Un hombre cualquiera se sienta a observar el trajín de las casetas de la feria del libro de Madrid.
Una leve brisa mueve las hojas de un libro abierto; quizás un alma lectora sin cuerpo, pero con una vivaz ansia literaria. El murmullo de compradores y curiosos se entremezcla con las tertulias de carboneros, gorriones y herrerillos. Estos se alzan entre acacias, arces y robles cuyo agitar de hojas recuerdan al lejano mar. A sus pies la playa se escribe entre portadas, sinopsis y dedicatorias. Estás últimas líneas del libro se hacen a mano alzada por inspiración única e intransferible de la lectora hacia el escritor. Lal misma que espera anhelante en la fila a que su ejemplar se convierta en único.
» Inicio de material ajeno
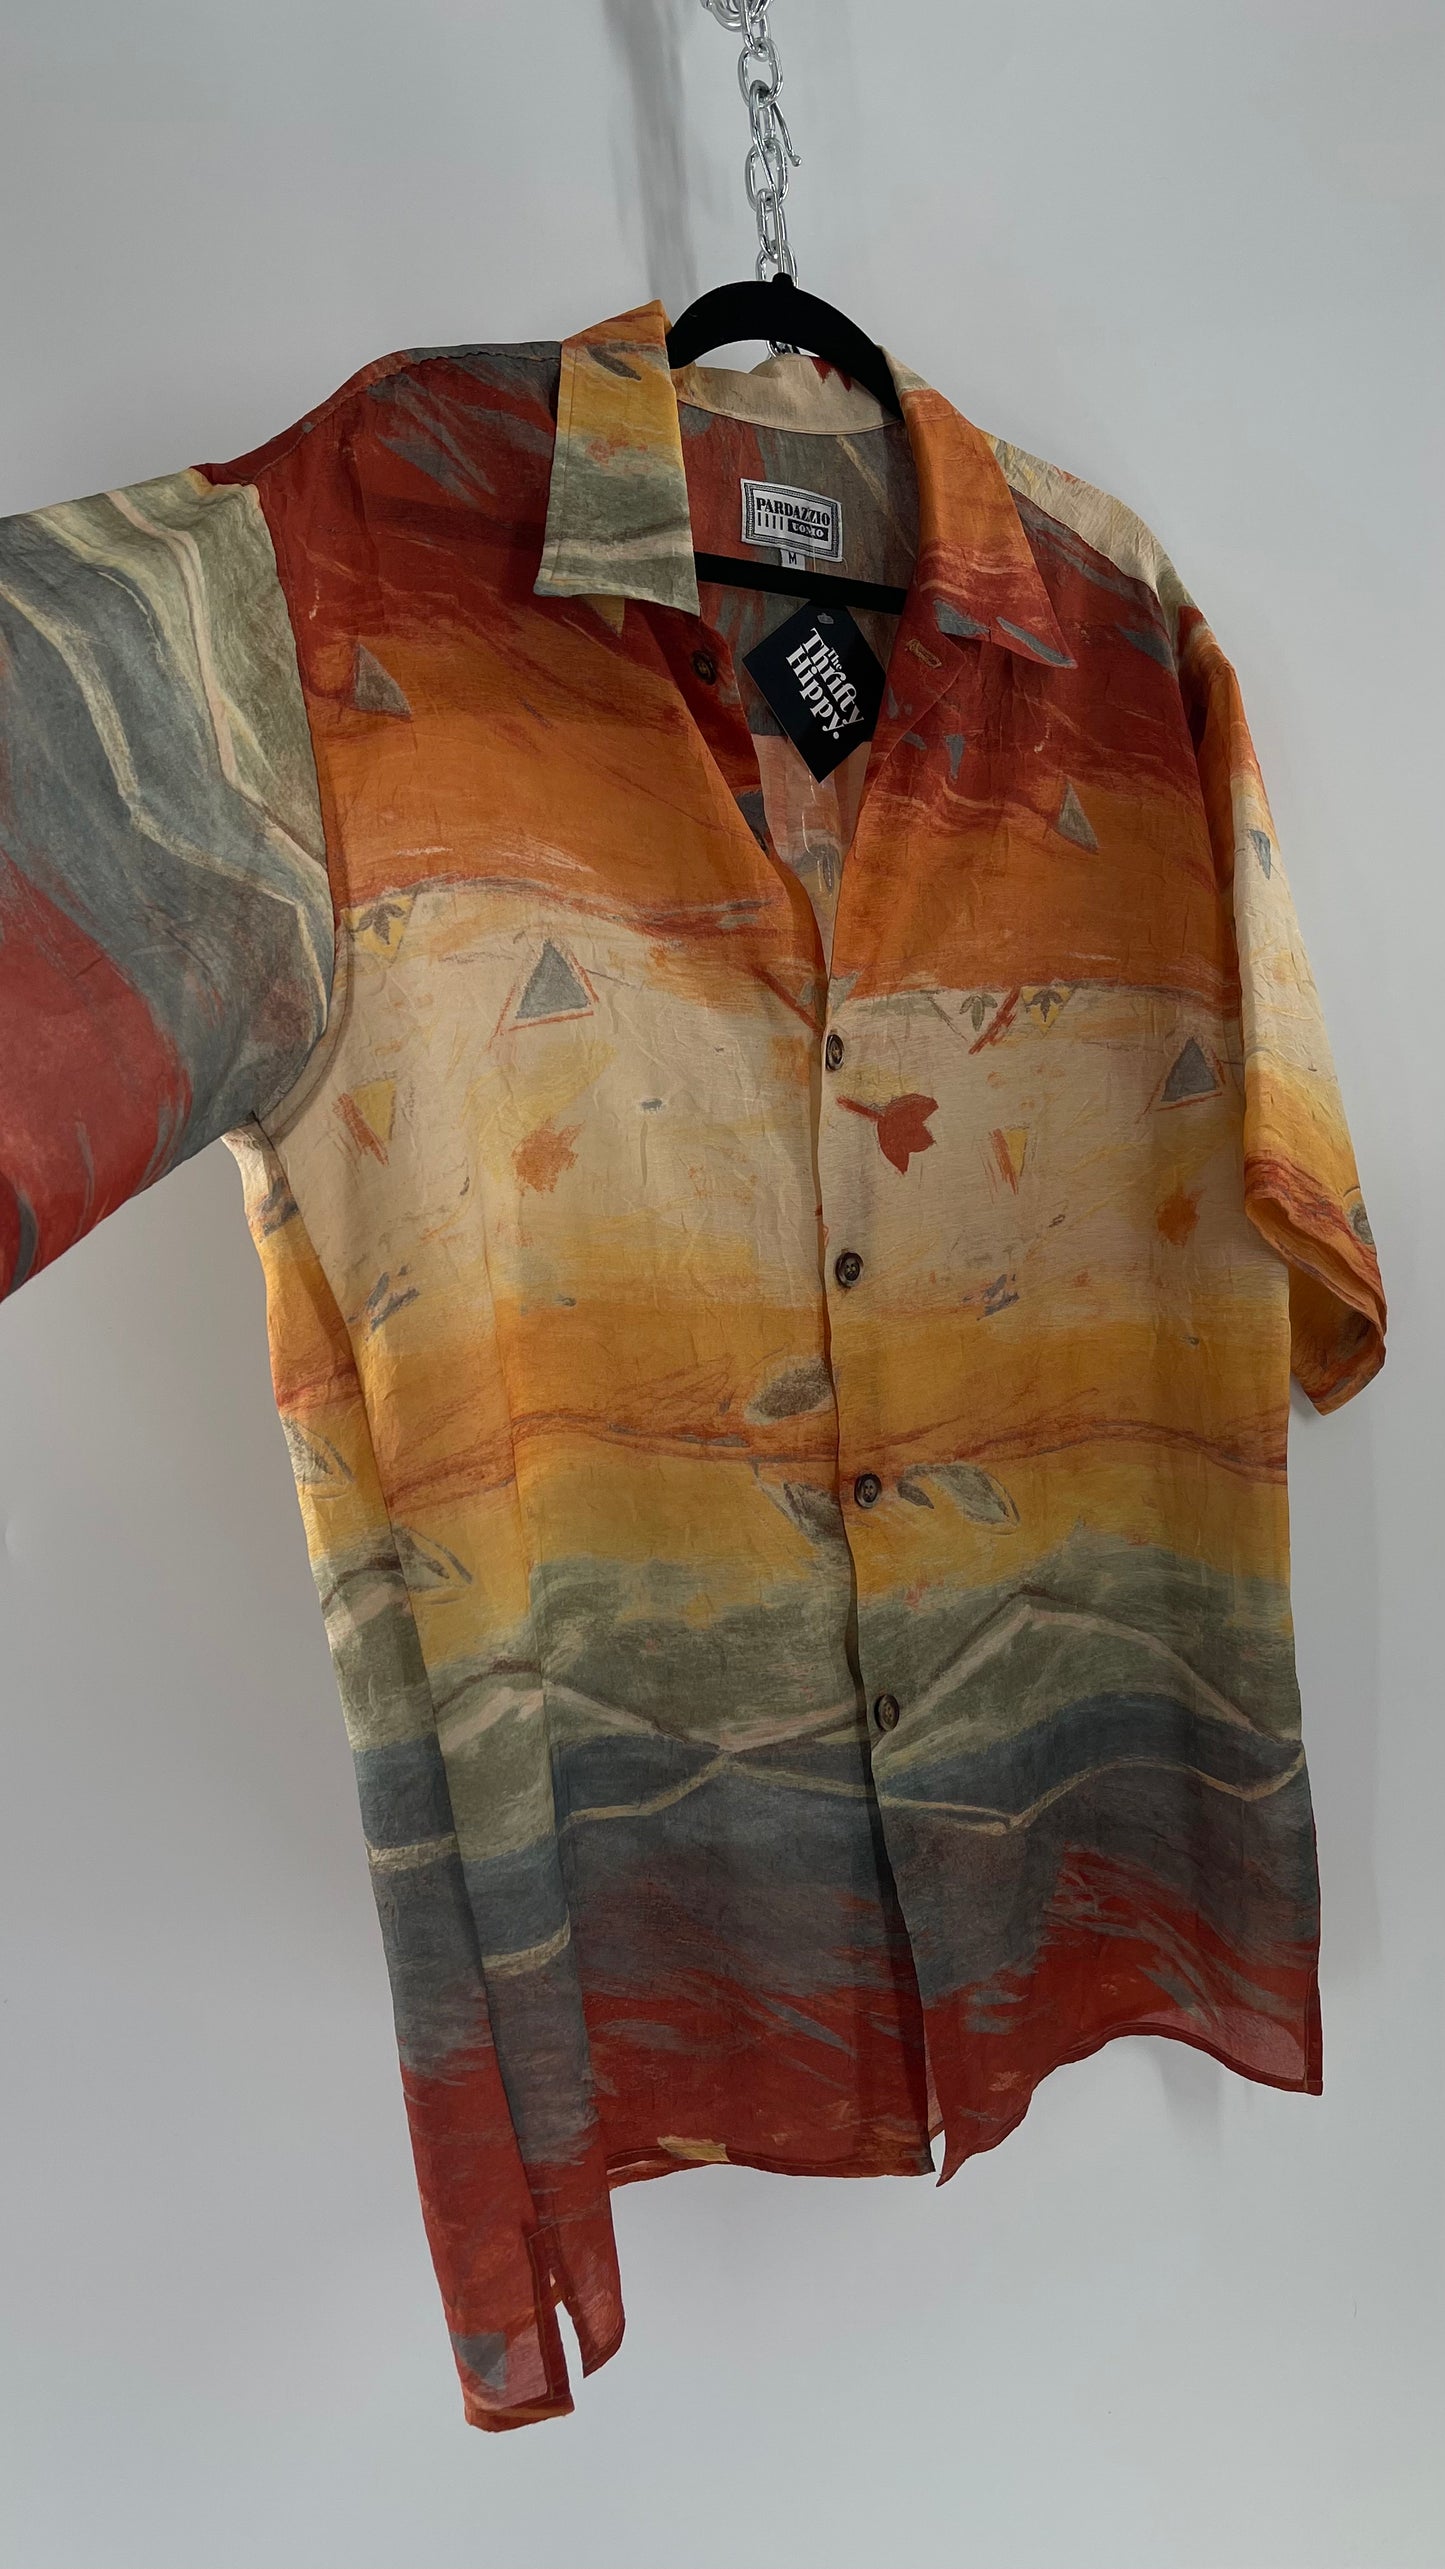 Vintage Pardazzio Uomo Sheer Crimped Abstract Fall Short Sleeve Button Up (Medium)

La ávida lectora espera a su turno. Cinco pasos. Seis minutos. Quinientos ochenta y siete latidos. Y, por fin, frente a su autor se encuentran la mirada y la pluma. Él nota su azucarado perfume a mañana de domingo en el hogar. Él percibe el otoñal brillo de su mirada que solea entre la incesante lluvia de noviembre. Él también se pierde entre el retorcido infinito de las tramas azabaches de sus cabellos. Al otro lado de la mesa, ella observa lo afilado de su mordida para cazar al vuelo un buen argumento. Ella advierte lo despistado de su sonrisa ante la tormenta de ideas que ruge entre sus sienes. Ella también siente la fortaleza de su diestra al redactar las últimas líneas de su obra. Ambos se miran y se despiden con la esperanza de reencontrarse nuevamente por primera vez, como cada año.
Y así un hombre cualquiera se retira entre los árboles del parque que seguirán presenciando historias, pero que nunca serán pasto de unas páginas manuscritas.